We warned you last month that September, not October, is statistically the worst-performing month for the stock market. We also told you why this September would be particularly bad. But most importantly, we told you what steps to take to guard your investments.

Well, now that September is fully in the books you can see that our concern was justified.

The Dow Jones Industrial Average fell 5% for the month, far exceeding the average 1.07% loss the index has seen in September since its 1896 launch. The other months have averaged a 0.71% gain.

That 1.87-point spread is considered by mathematicians to be "statistically significant at the 95% confidence level."

But this September had more going against it than a bleak history. With so much detrimental news weighing on investors' minds, from the Greek debt crisis to weak U.S. economic data to concern that the U.S. Federal Reserve has run out of policy options, a September market swoon was inevitable.

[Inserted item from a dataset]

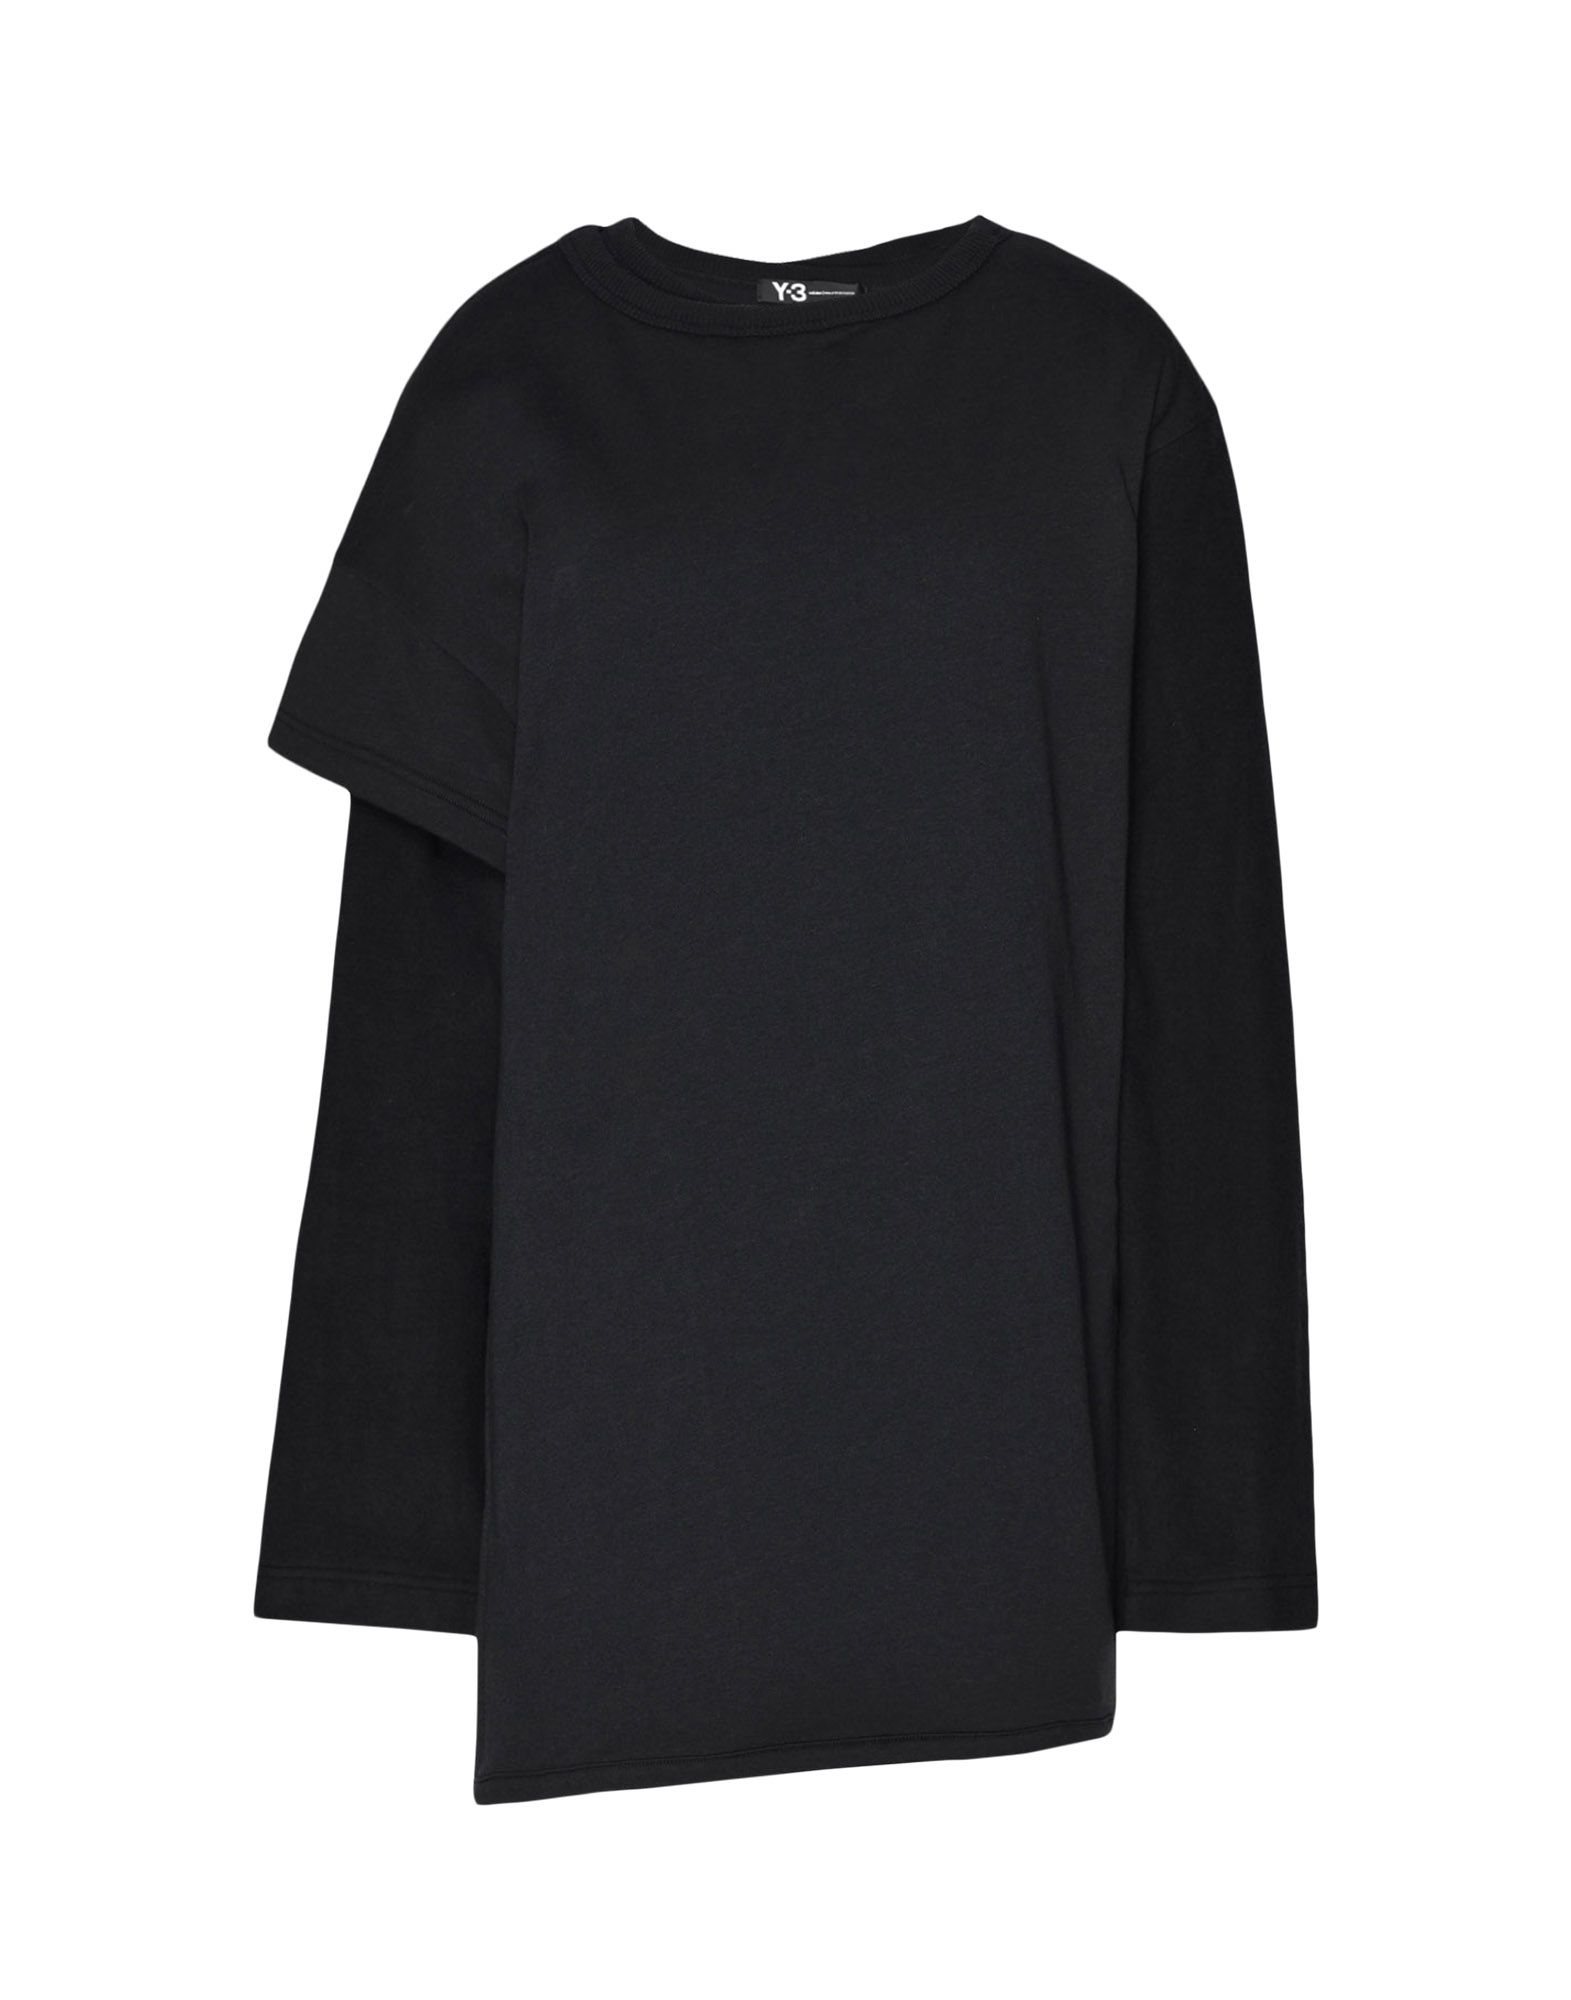 Y-3 Y-3 Two-Layer Fleece Sweater Sweatshirt Woman f

Most of the ugliness was confined to a handful of really bad days. The Dow actually rose on 11 of 21 trading days in September, but on the days it fell, it fell hard. Six of the down days recorded drops in excess of 200 points.

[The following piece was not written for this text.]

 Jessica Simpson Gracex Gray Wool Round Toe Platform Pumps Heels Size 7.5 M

But as bad as this September market swoon was, however, it was no surprise to readers of Money Morning or its new sister service, Private Briefing.

In the Sept.1 Private Briefing report "Investment Plays for the Current Economy," Executive Editor Bill Patalon not only warned readers of what was to come, his interview with Money Morning Global Investment Strategist Martin Hutchinson laid out a "safety-first" investing strategy to help readers protect their portfolios.

Although September is over, many of the negatives that have caused the market swoon in recent weeks haven't changed. And the craziness isn't going to stop any time soon.